Merge pull request #5345 from serathius/kep-2340-feedback

k8s-ci-robot · web-flow · commit 2cd9e569c869 · 2025-06-02T07:26:37.000-07:00
Revert decision to return retry-after based on feedback
diff --git a/keps/sig-api-machinery/2340-Consistent-reads-from-cache/README.md b/keps/sig-api-machinery/2340-Consistent-reads-from-cache/README.md
@@ -245,16 +245,9 @@ This design requires wait for a watch cache to catch up to the needed revision.
 There might be situation where watch is not providing updates causing watch cache to be permanently stale.
 For example if watch stream is clogged, or when using etcd version v3.3 and older that don't provide progress notifications.
 
-If the watch cache doesn't catch up in within some time limit we either fail the request or have a fallback.
-
-For Beta we have implemented a fallback mechanism that will revert to normal behavior before we reach timeout.
+If the watch cache doesn't catch up in within some time limit we fallback to etcd.

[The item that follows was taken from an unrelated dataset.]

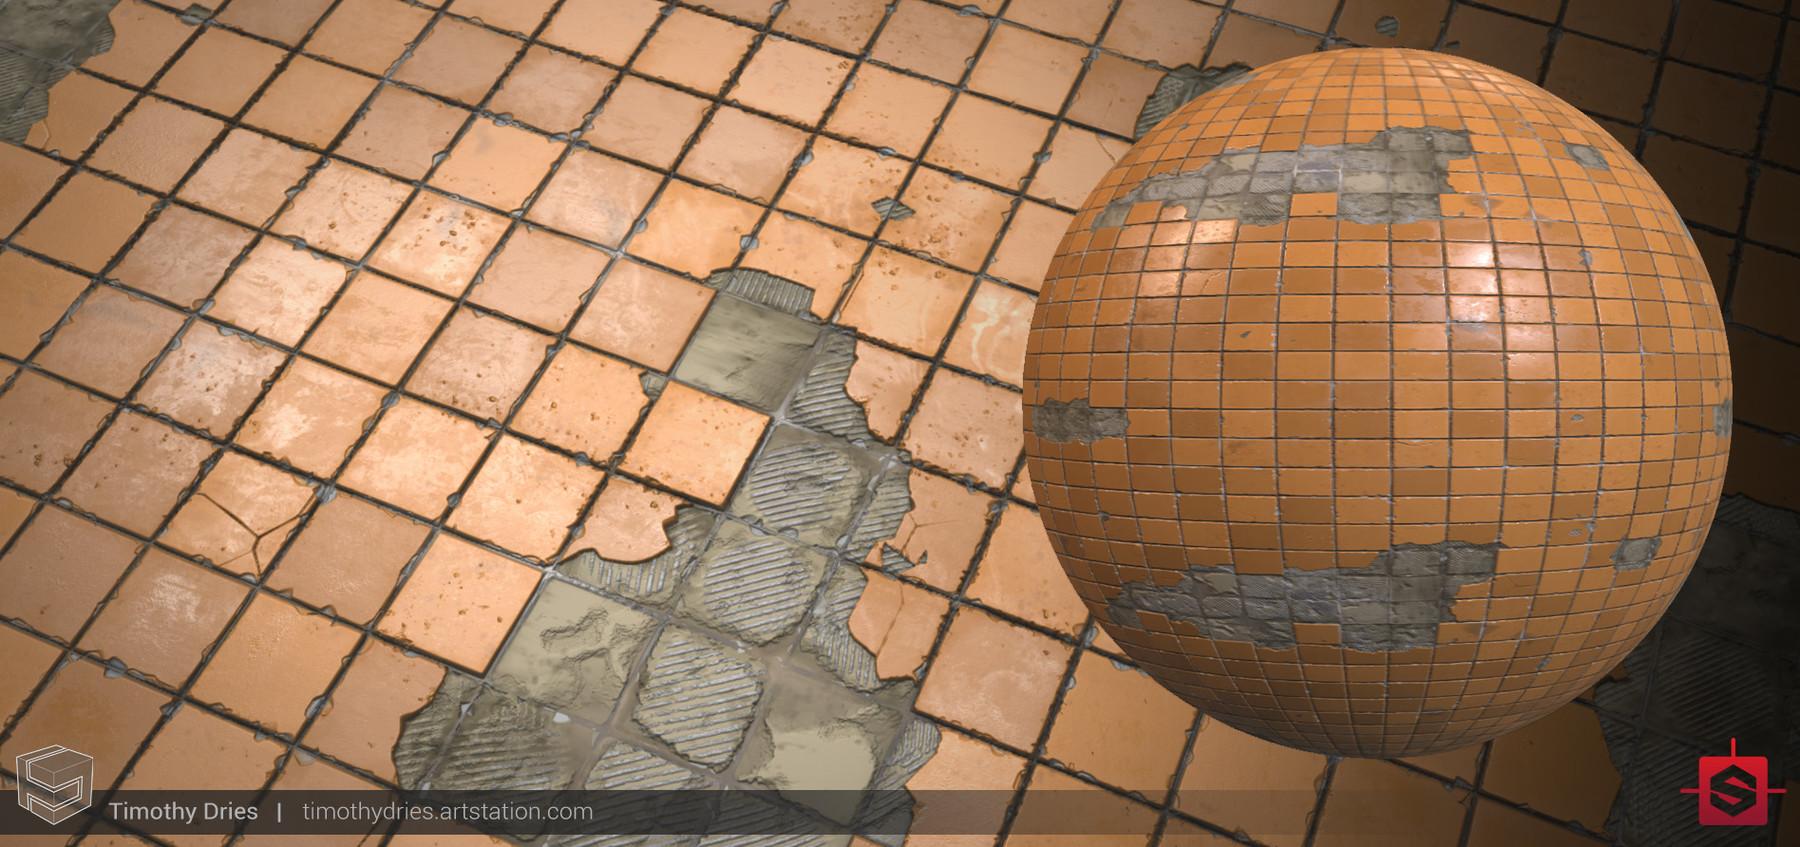 Tiles orange

 To monitor fallback rate we introduced `apiserver_watch_cache_consistent_read_total` with `fallback` and `success` labels.
 
-With qualification results showing that fallback is needed and we can go back to the original design.
-We should fail the requests and rely on rate limiting to prevent cascading failure.  I.e. `Retry-After` HTTP header (for
-well-behaved clients) and [Apiserver Priority and Fairness](https://github.com/kubernetes/enhancements/blob/master/keps/sig-api-machinery/20190228-priority-and-fairness.md).

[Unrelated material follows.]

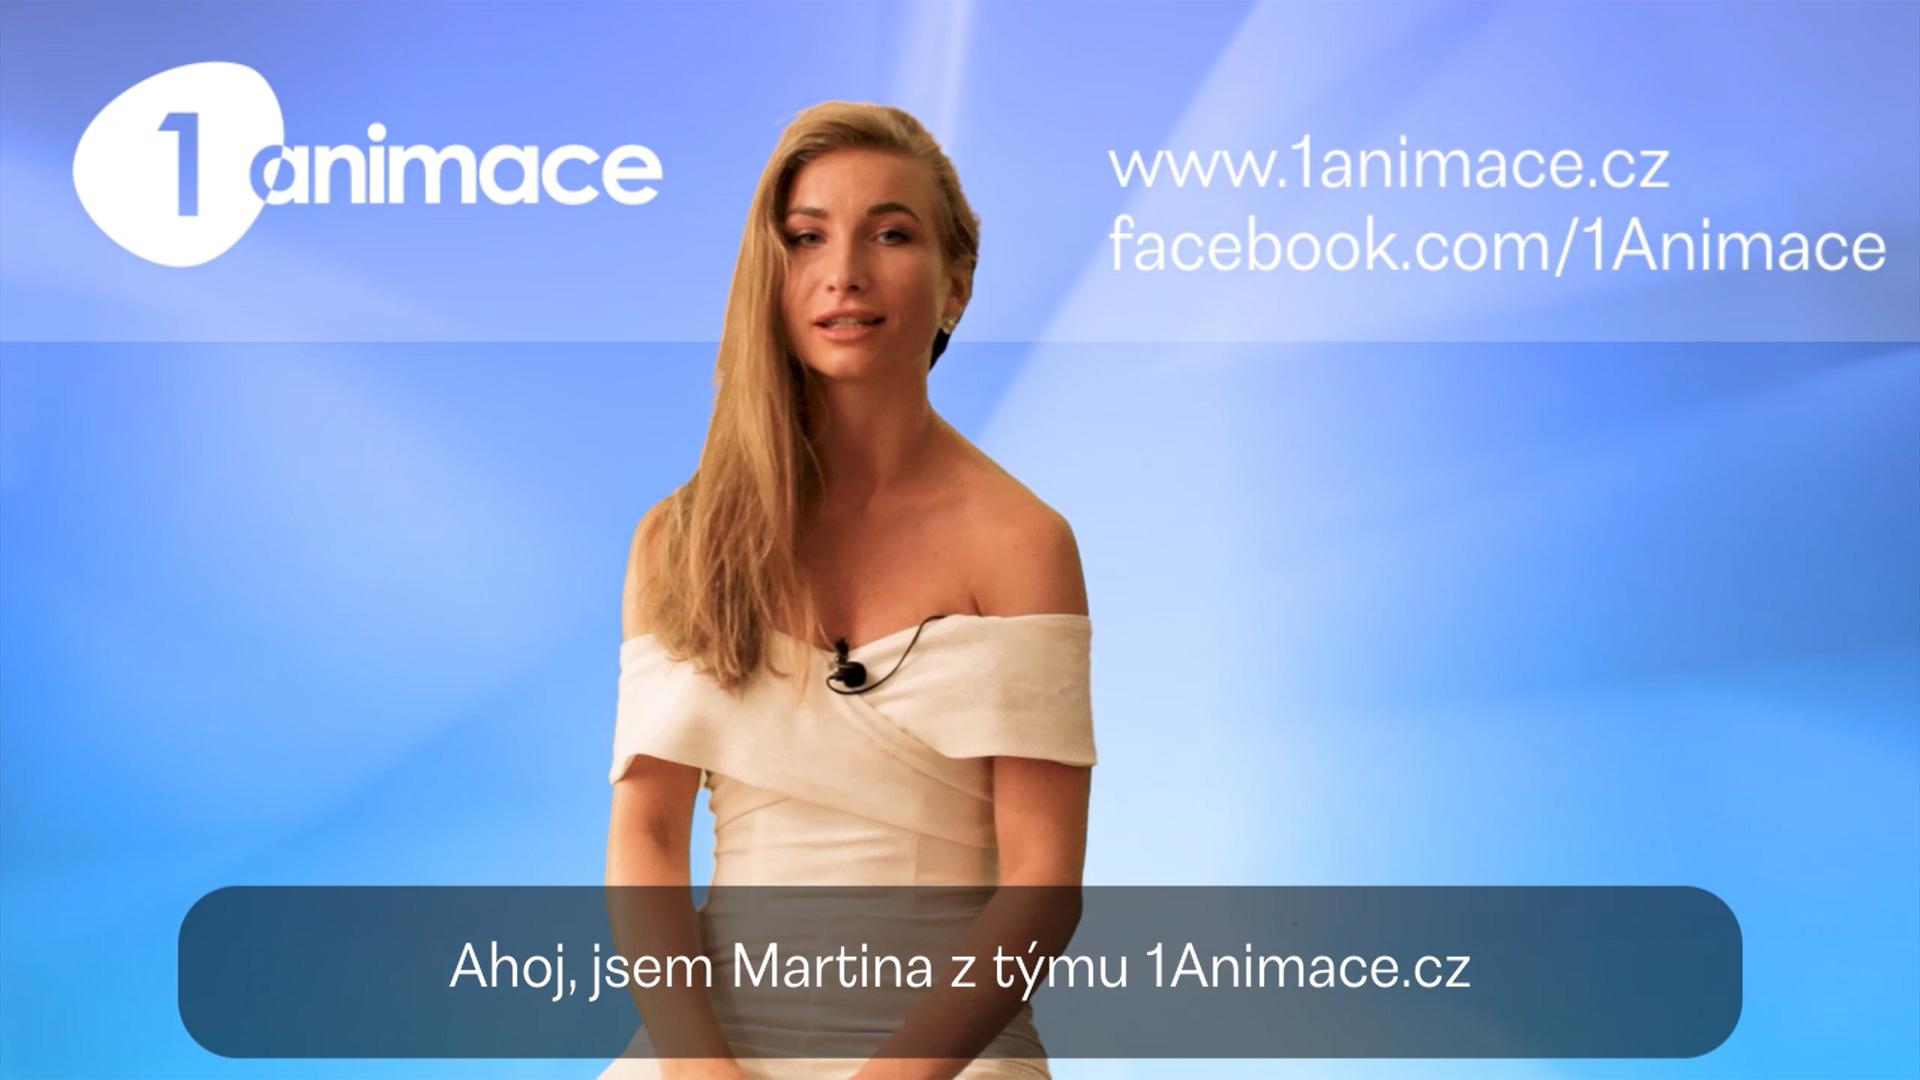 https://artware.cz/wp-content/uploads/2020/07/Soutěž-sluchátka-FB.mp4

-The main reason for that is the added complexity and incorrect handling in APF that assumes that request cost doesn't change.
-
 ### How to debug cache issue?
 
 Let's present how the system currently works
@@ -341,7 +334,6 @@ After almost a year in Beta, running enabled default, we have collected the foll
 * In 99.9% of cases watch cache became fresh enough within 110ms.

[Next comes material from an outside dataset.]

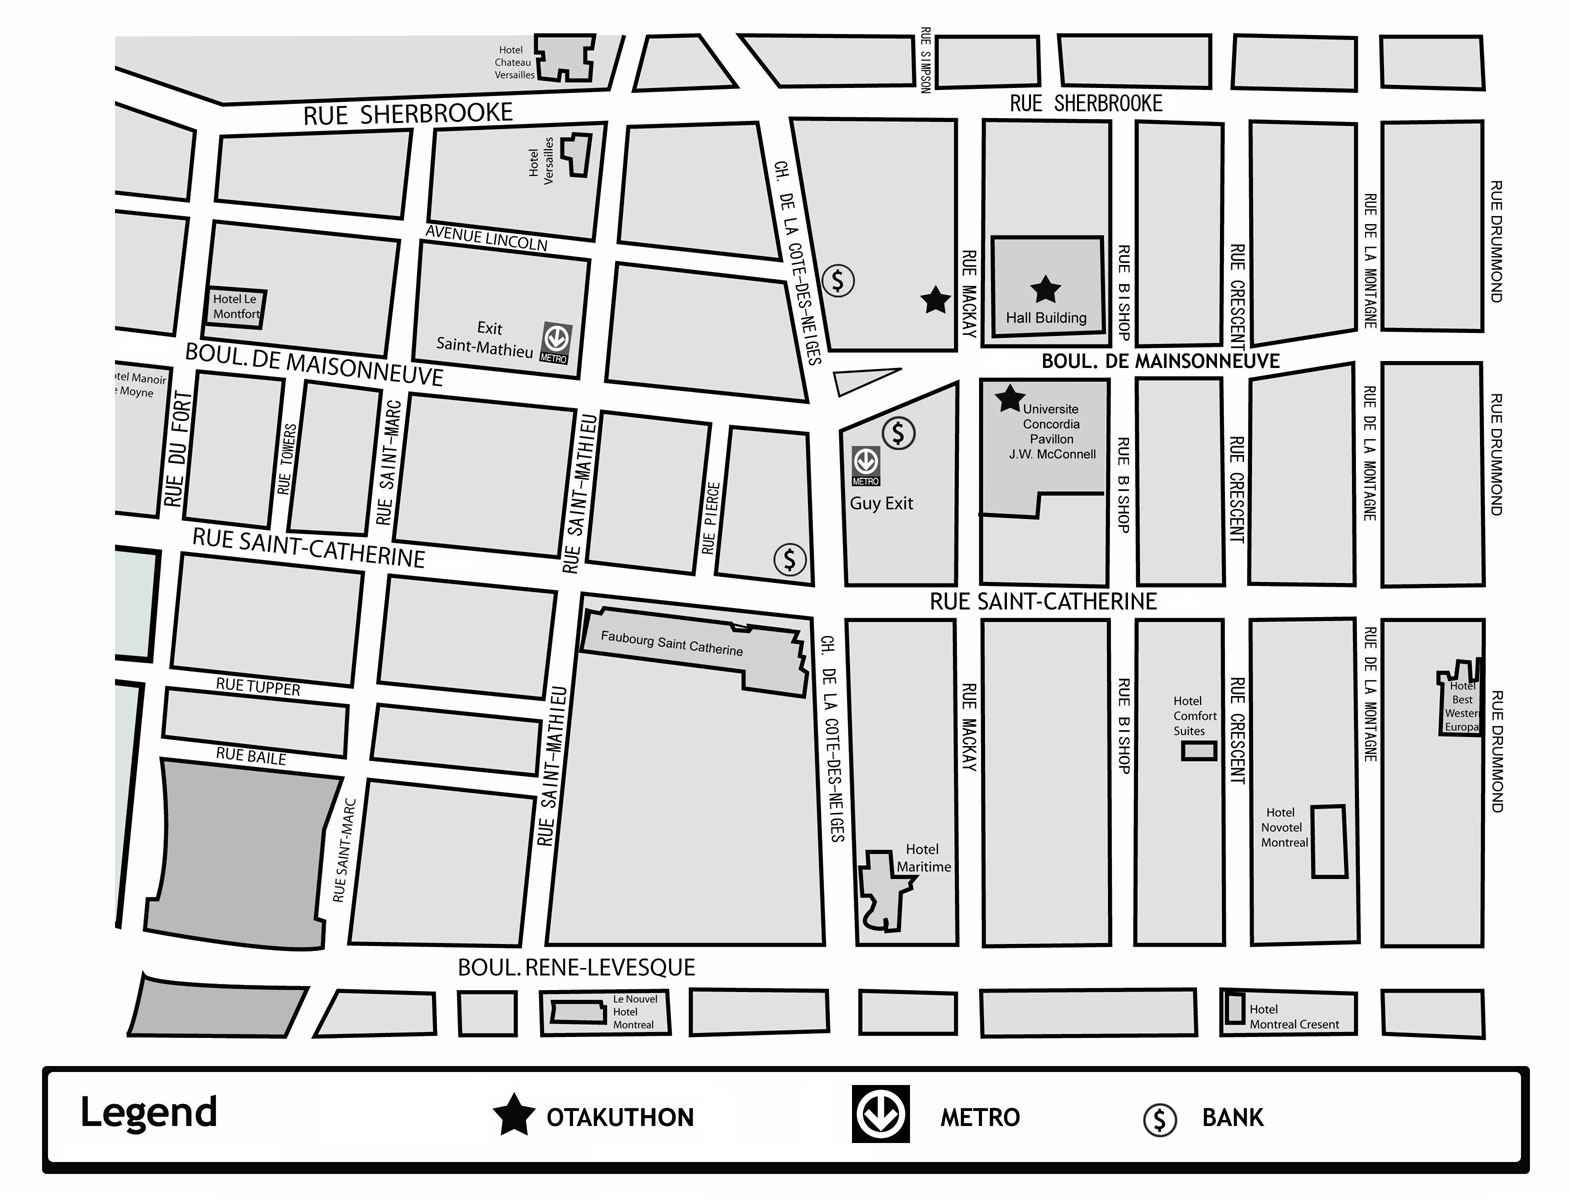 Otakuthon 2007 location msn local live maps to concordia university larger area map google maps publicscrutiny Images

 * Only 0.001% of waits for fresh cache took more than 250ms.
 * Consistent reads reached 5 nine's of availability, meaning cache was able to become fresh before timeout (3s) in 99.999% of cases.
-* Main cause of fallback was rolling update of etcd that forces a watch cache reinitialization.
 * We have identified and addressed one issue https://github.com/kubernetes/kubernetes/issues/129931
 
 The above results show that consistent reads from cache are stable and reliable. We are confident in promoting this feature to Stable.